Post-Training Is Not “One Algorithm”: Objective Functions and Implementation Essentials for PPO / DPO / GRPO
Reading notes from Nathan Lambert’s “Reinforcement Learning from Human Feedback (RLHF).” The book helped me build a clearer mental model of post-training—not as a single algorithm, but as an engineering pipeline: data → reward proxy → optimization → evaluation → guardrails.

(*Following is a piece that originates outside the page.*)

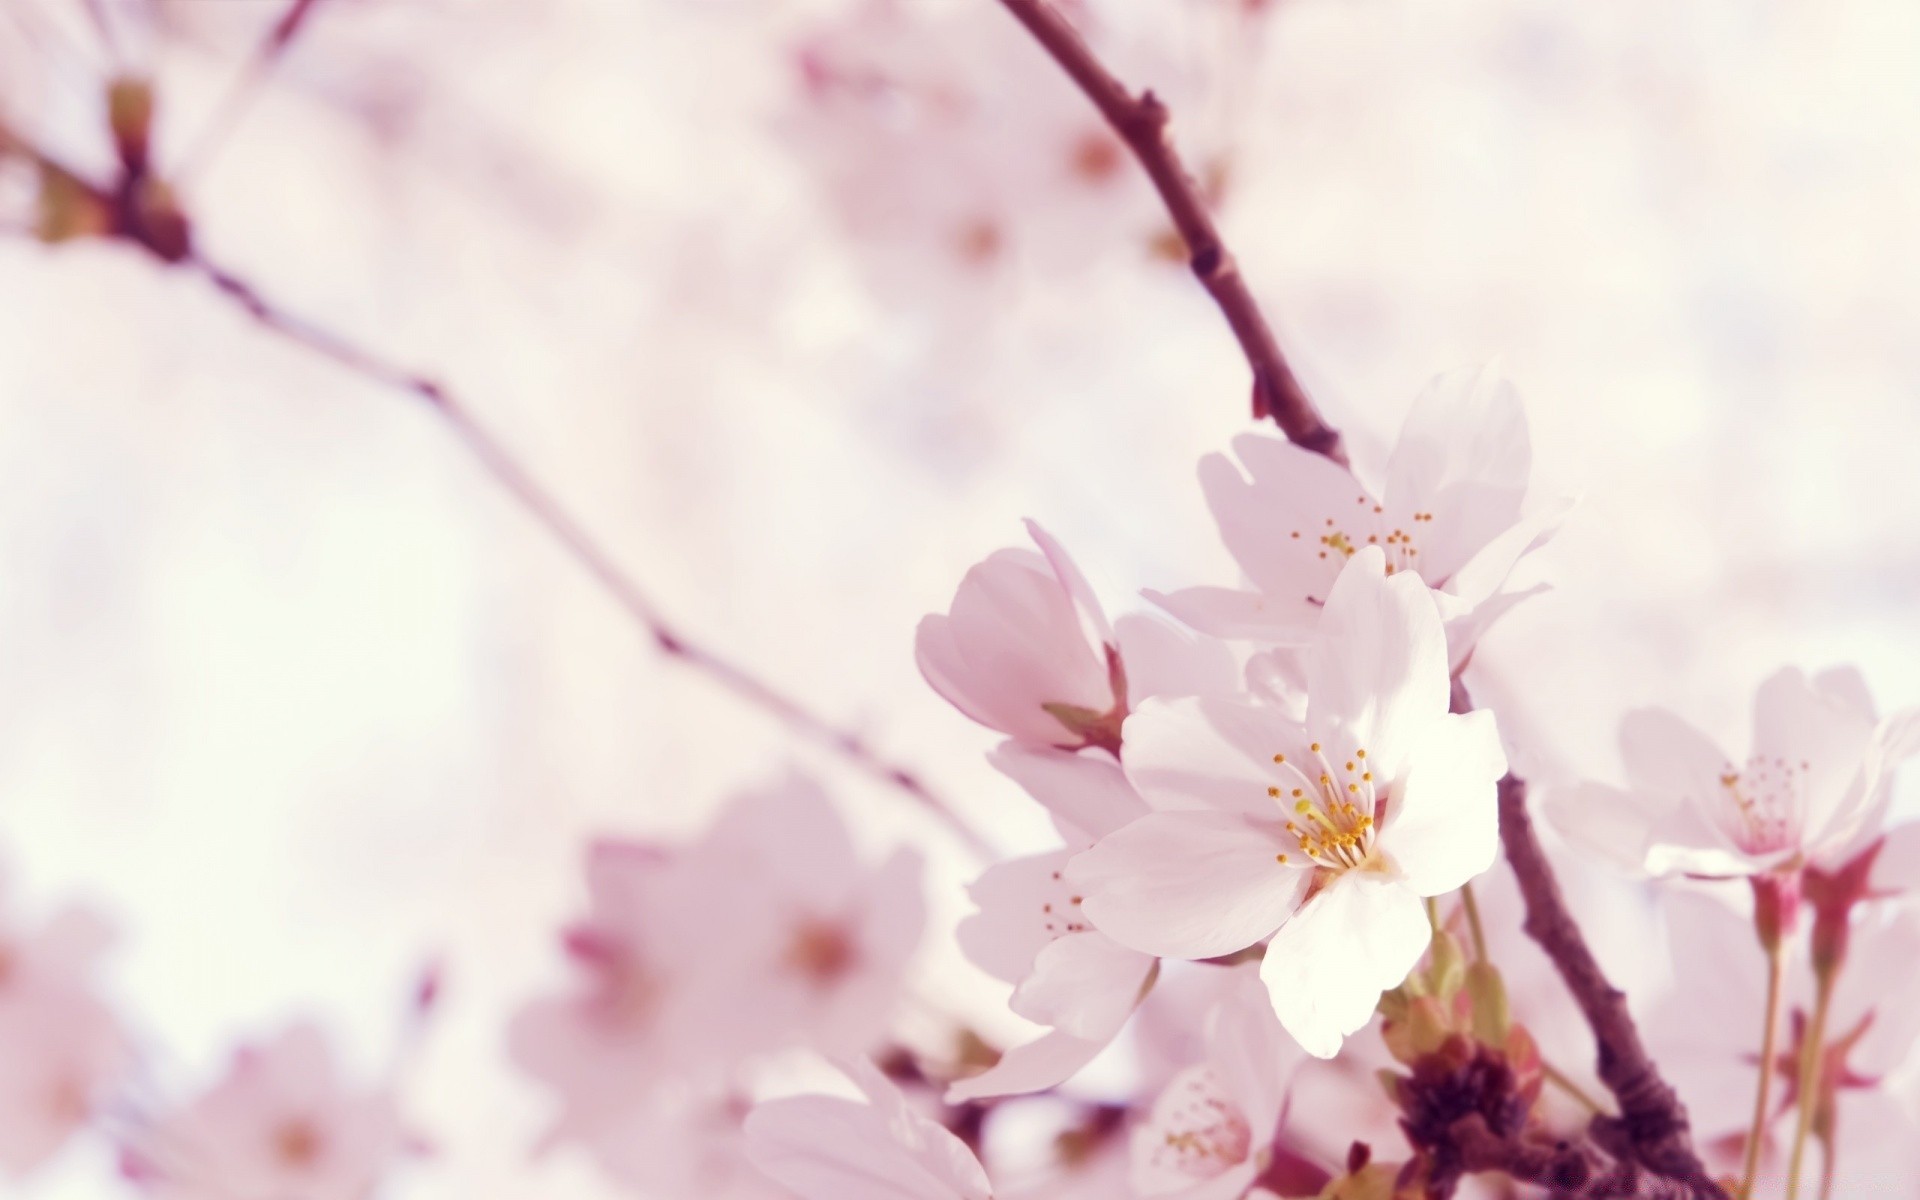 spring flower cherry nature branch flora tree garden blur leaf growth summer bright color bud outdoors petal season blooming delicate

Notation: prompt is $x$, completion is $y$, policy model is $\pi_\theta(y\mid x)$, reference model is $\pi_{\text{ref}}$, reward/scoring function is $r(x,y)$.
0) A “Production-Ready” Pipeline Diagram
SFT -> Preference data (pairs / rankings) -> RM/Judge/Verifier -> Optimize (PPO/GRPO/DPO/...) -> Eval & Iterate
| |
+-------------------- guardrails (KL/NLL/len/...) +
Key insight: What you actually want is usable behavior in production; but what you can optimize is often just some proxy objective, so the system naturally evolves toward “needing guardrails.”

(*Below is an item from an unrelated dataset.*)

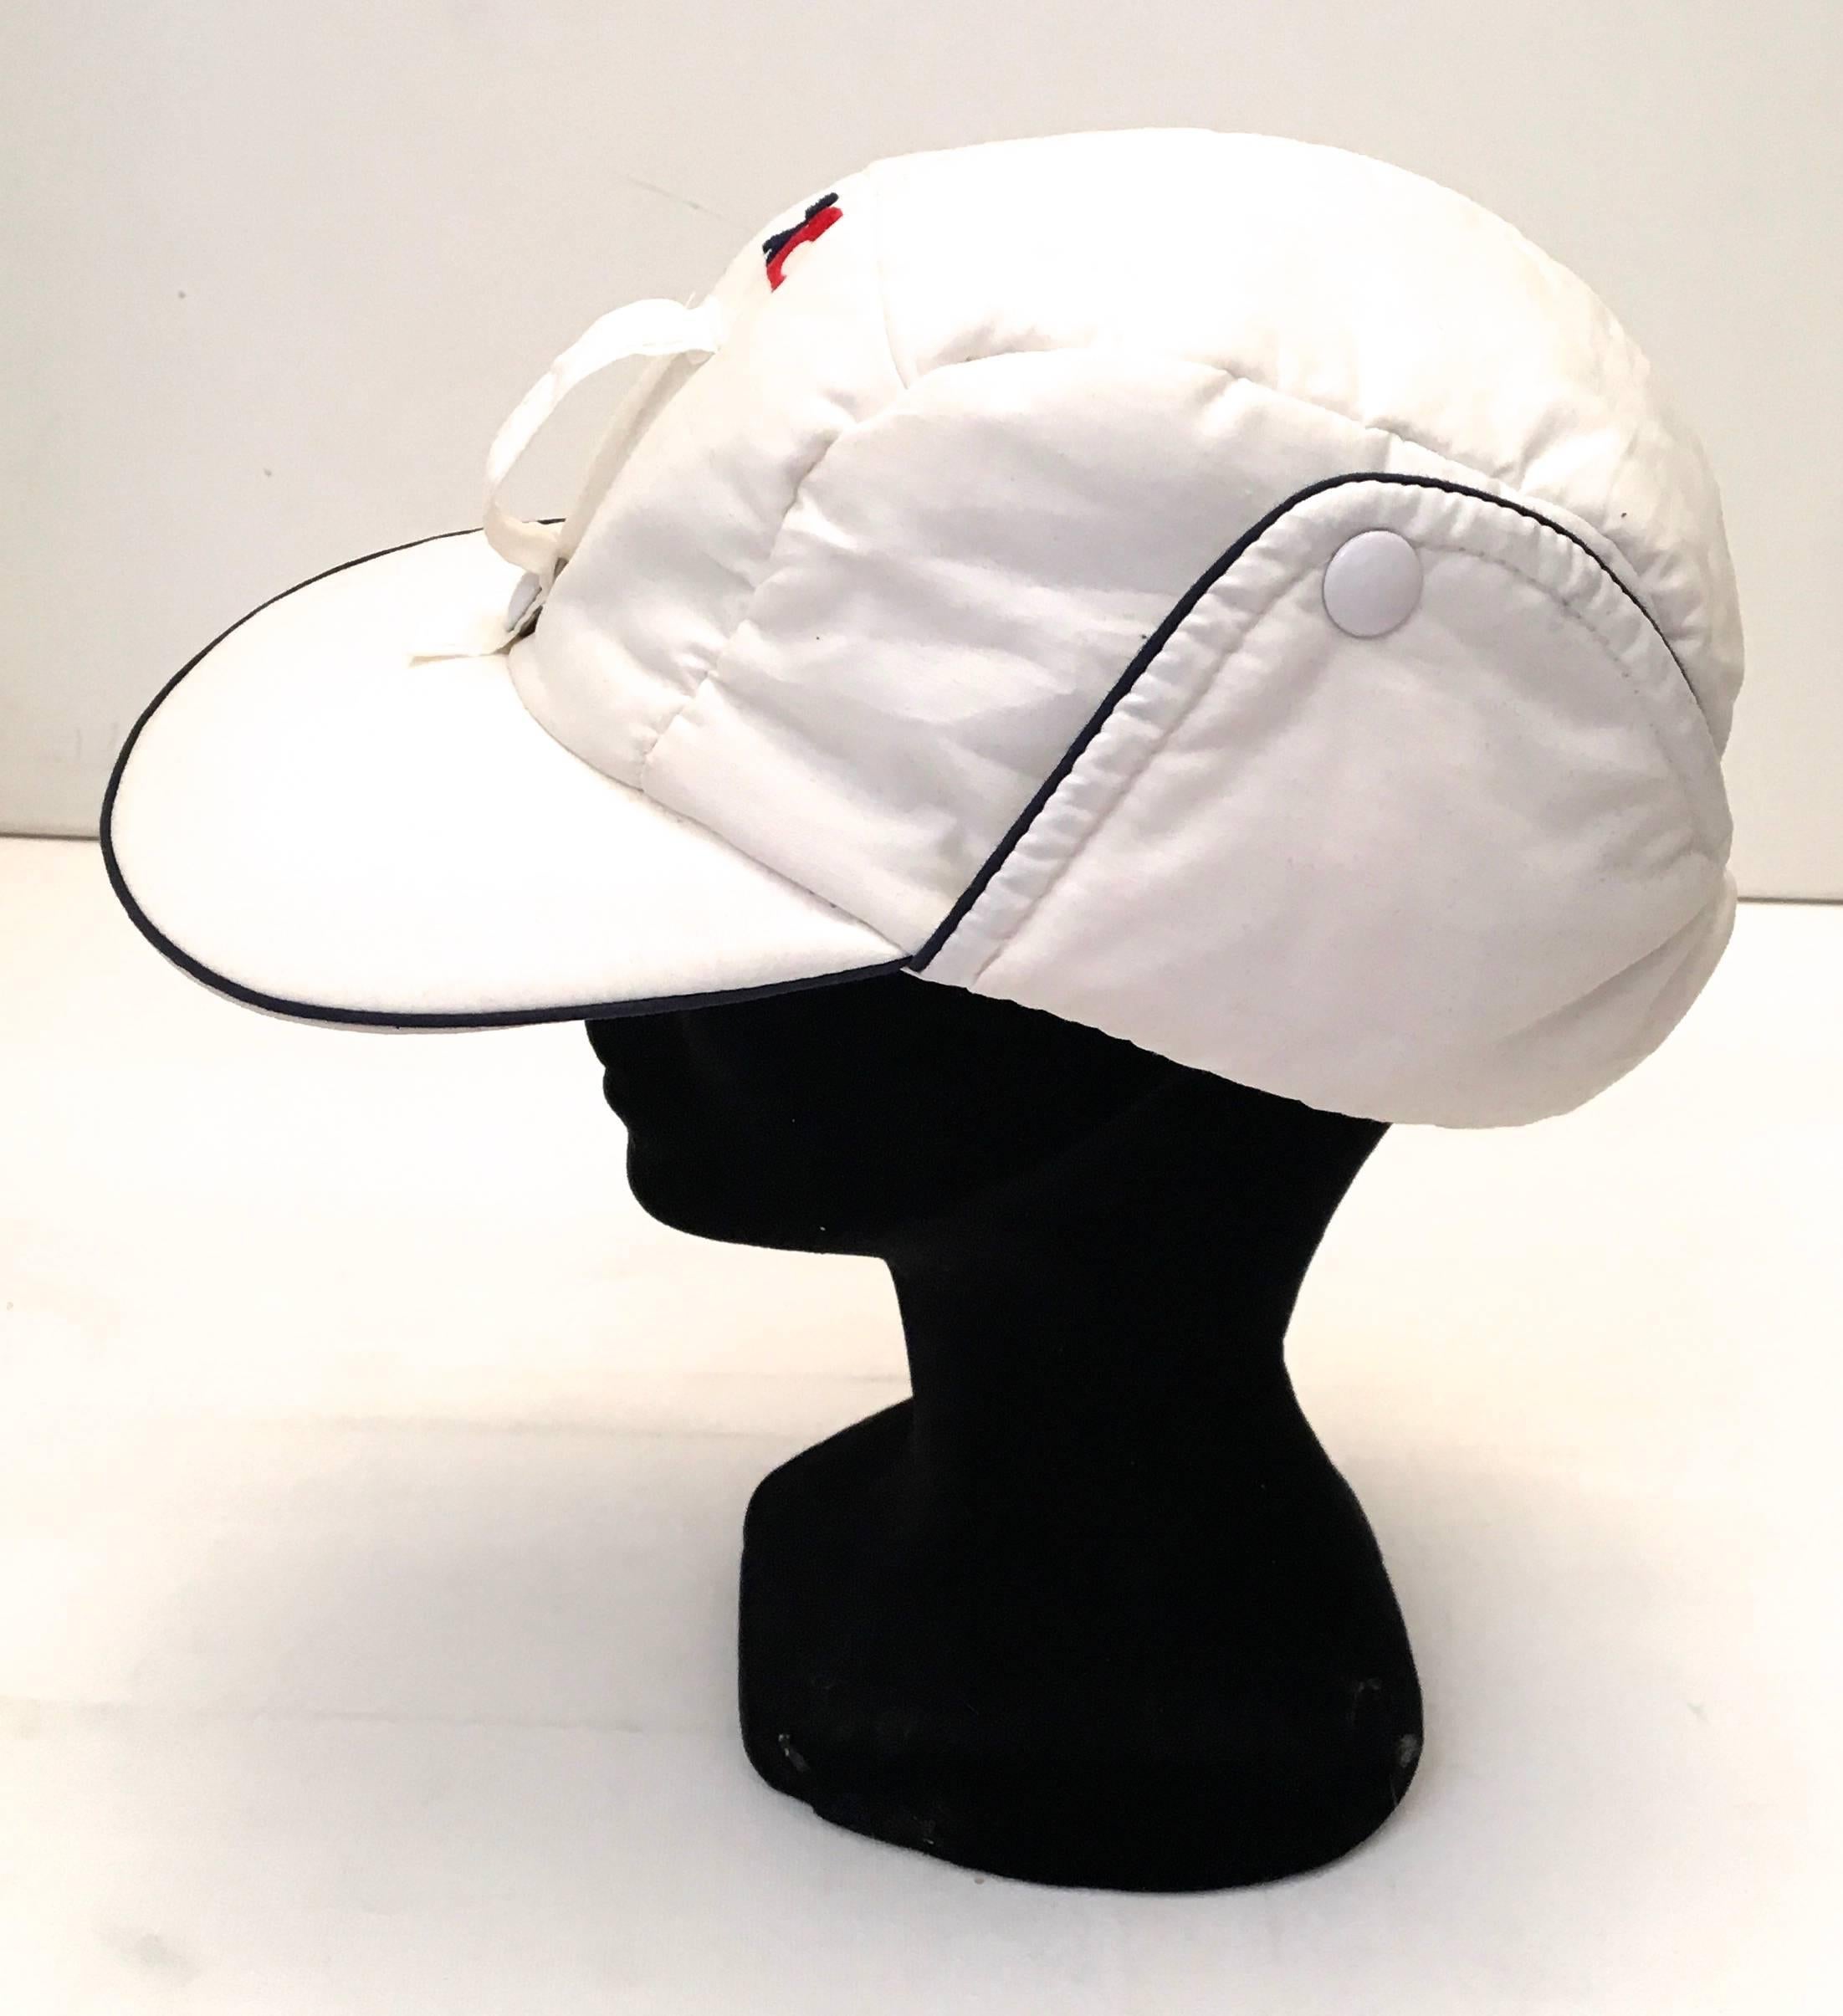 Presented here is a beautiful hat from Courreges. The white in the hat which is a blend of 30% nylon, 35% cotton and 30% polynosique feels like a typical ski cap hat. There are button snaps and velcro that allow for a few different styles of wear.

1) Canonical RLHF: Reward - KL (What the Objective Function Looks Like)
The book consistently uses this form of RLHF: maximize expected reward over the data distribution while using KL to pull the policy back toward the reference model (style/distribution constraint).
\[\max_{\pi} \ \mathbb{E}_{x\sim D}\mathbb{E}_{y\sim \pi(\cdot|x)}[r(x,y)] - \beta D_{\mathrm{KL}}(\pi(\cdot|x)\Vert \pi_{\mathrm{ref}}(\cdot|x))\]Intuition: $\beta$ is the knob for “how far you dare to stray from SFT”; it’s not just a mathematical term—it’s more like the master switch for “capability vs style/stability” in your product.
2) PPO: The Core Isn’t “Being Stronger”—It’s That Clipping Makes Updates More Stable
PPO’s key is importance ratio + clipping: for the same batch of data sampled by the old policy $\pi_{\theta_\text{old}}$, use the ratio to correct when updating the new policy, and use clip to limit single-update magnitude, preventing training collapse when the ratio deviates too far from 1.
Classic PPO clipped surrogate:
\[J(\theta)=\mathbb{E}_t\left[\min\left(r_t(\theta)A_t,\ \text{clip}(r_t(\theta),1-\epsilon,1+\epsilon)A_t\right)\right]\] \[r_t(\theta)=\frac{\pi_\theta(a_t|s_t)}{\pi_{\theta_\text{old}}(a_t|s_t)}\]In language models, the common implementation is per-token (easier to compute with logprobs).
Minimal Working PPO Pseudocode (LM Version)
# given prompts x
y = sample(pi_old, x) # rollout / completion
r = reward_model_or_verifier(x, y) # scalar per sequence (or per step)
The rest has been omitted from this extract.